Exercise directions: Word for word, copy the line that contains "Hamburger gigante come" and each line after it in the data below. Pictures stay out of the copy.

Data excerpt:

====================

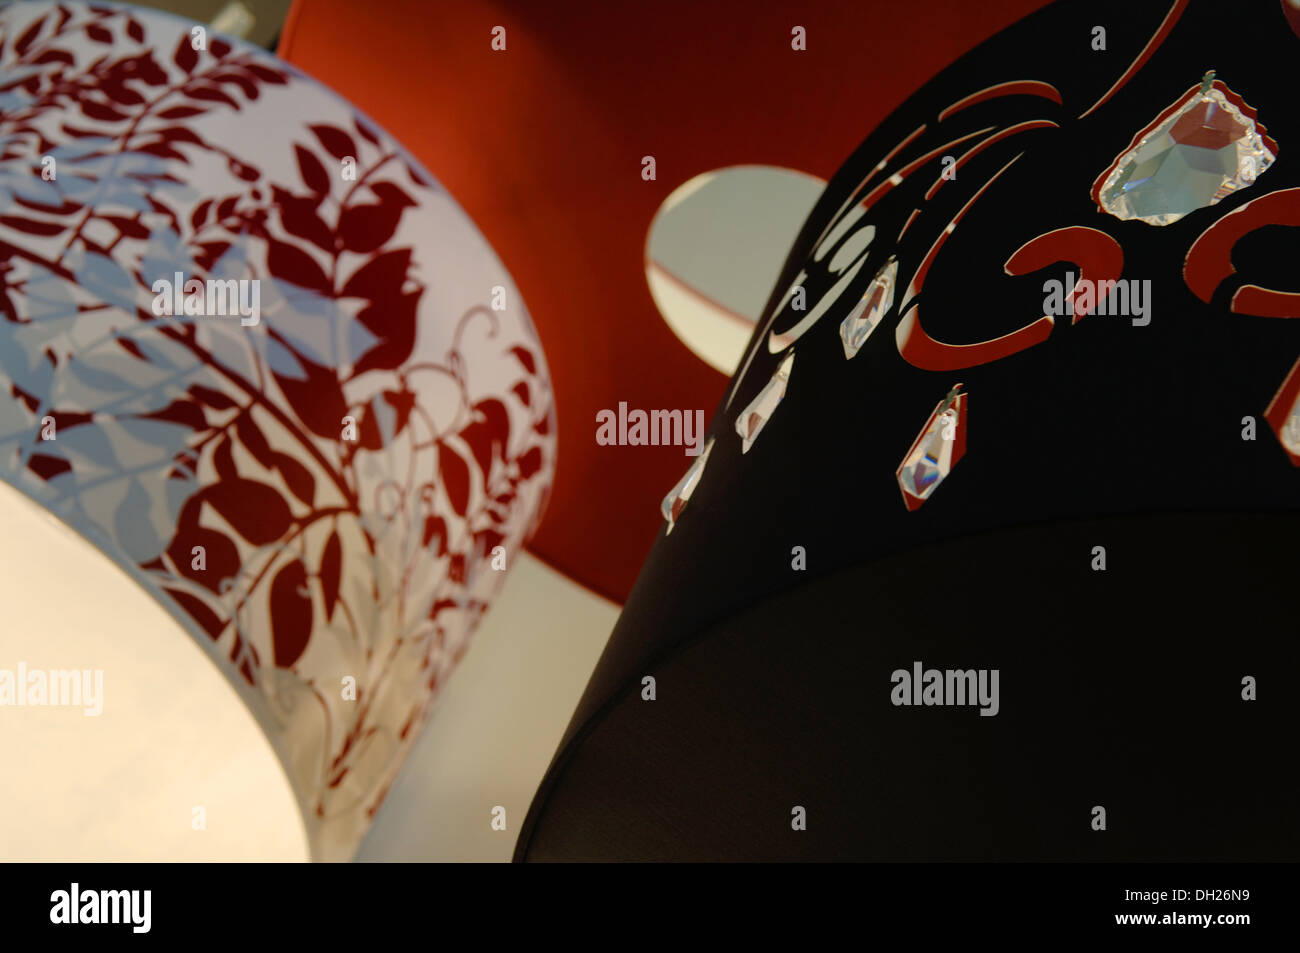 Lampenschirme von verschiedenen Designs in verschiedenen Farben, schwarz, rot, weiß. Stockfoto
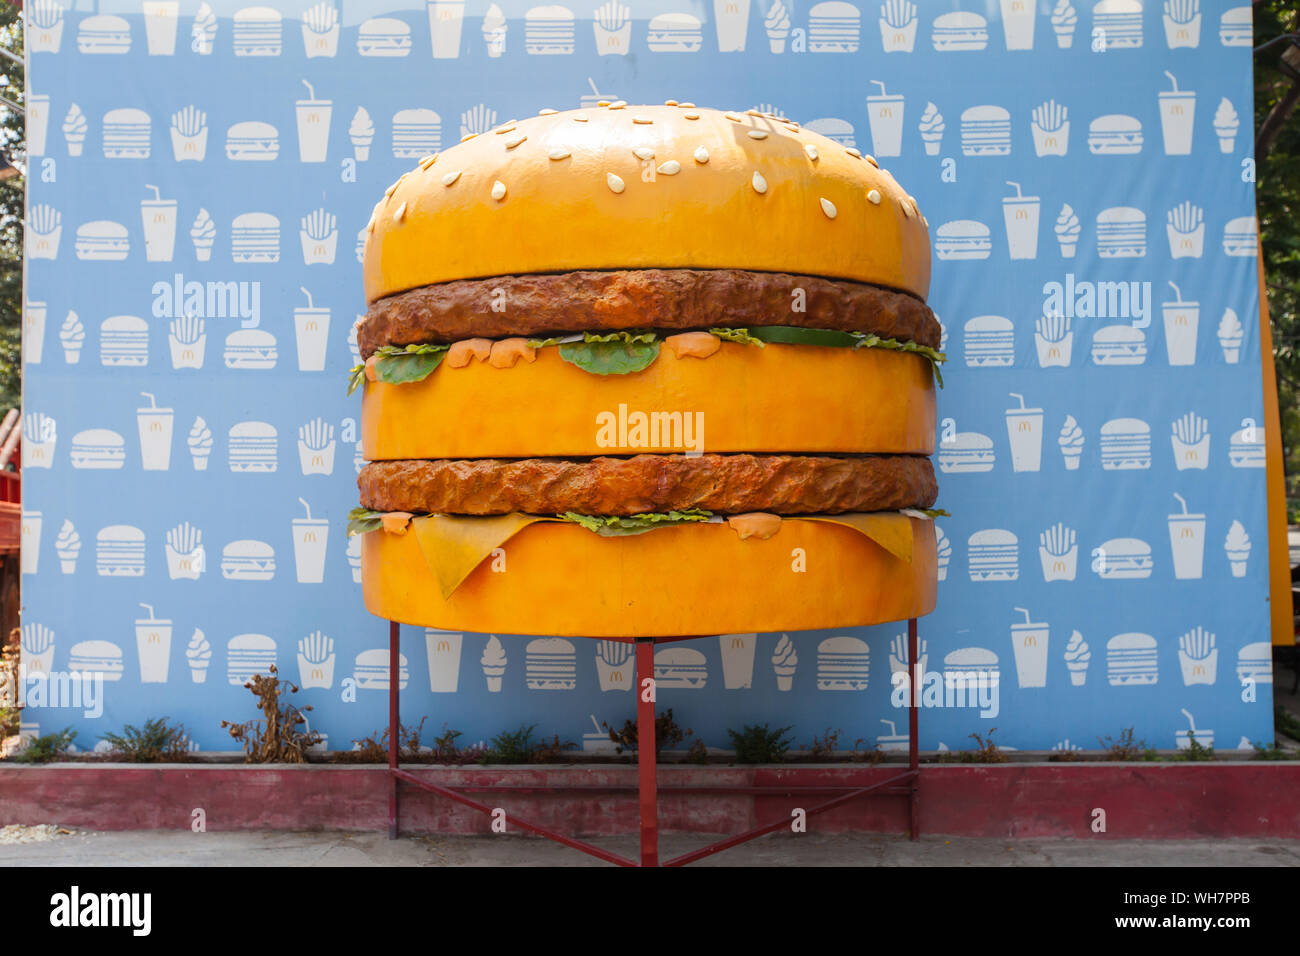 Hamburger gigante come pubblicità per l'apertura di MacDonald Soon. McDonald's Vietnam ha aperto il suo primo ristorante a ho chi Minh City nel febbraio 2014. Foto Stock
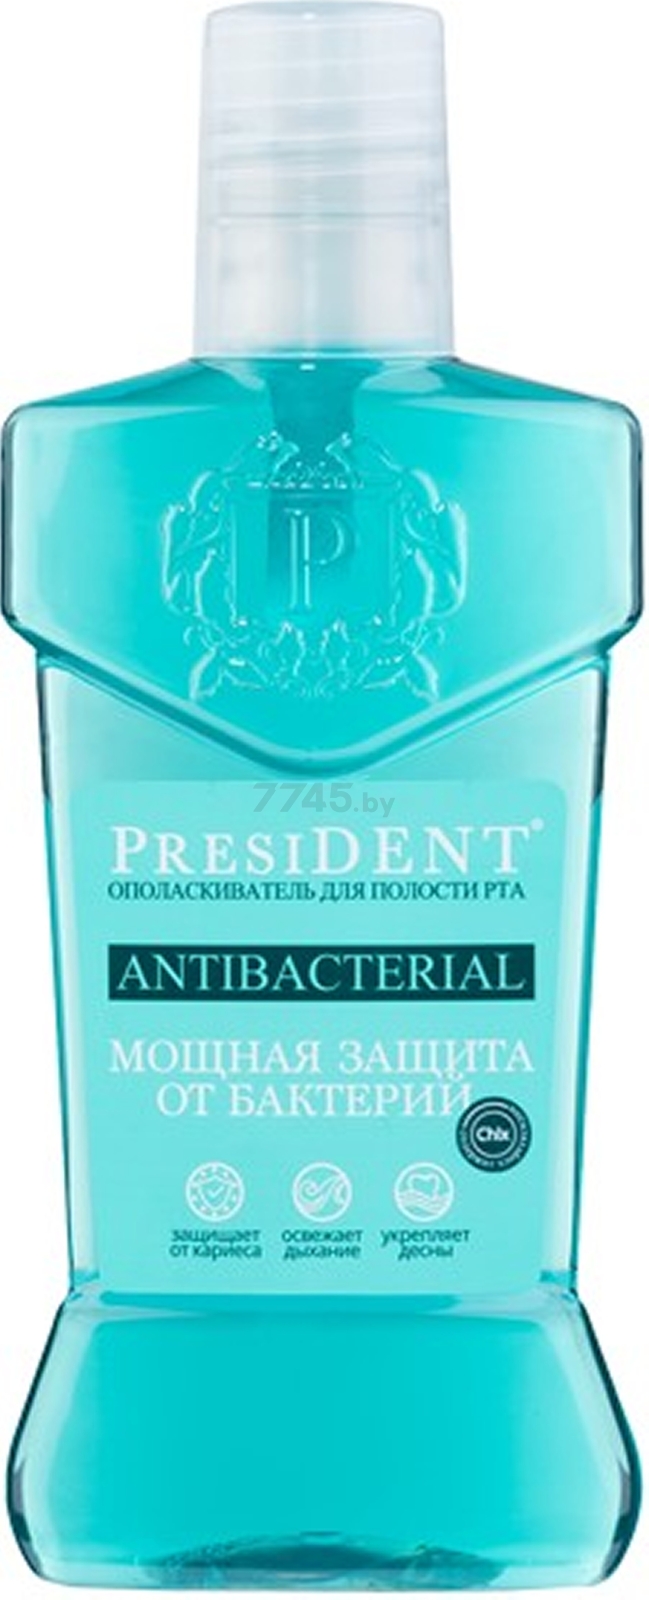 Ополаскиватель для полости рта PRESIDENT Antibacterial 250 мл (70017113)

====================

Exercise result:
 Hamburger gigante come pubblicità per l'apertura di MacDonald Soon. McDonald's Vietnam ha aperto il suo primo ristorante a ho chi Minh City nel febbraio 2014. Foto Stock
 Ополаскиватель для полости рта PRESIDENT Antibacterial 250 мл (70017113)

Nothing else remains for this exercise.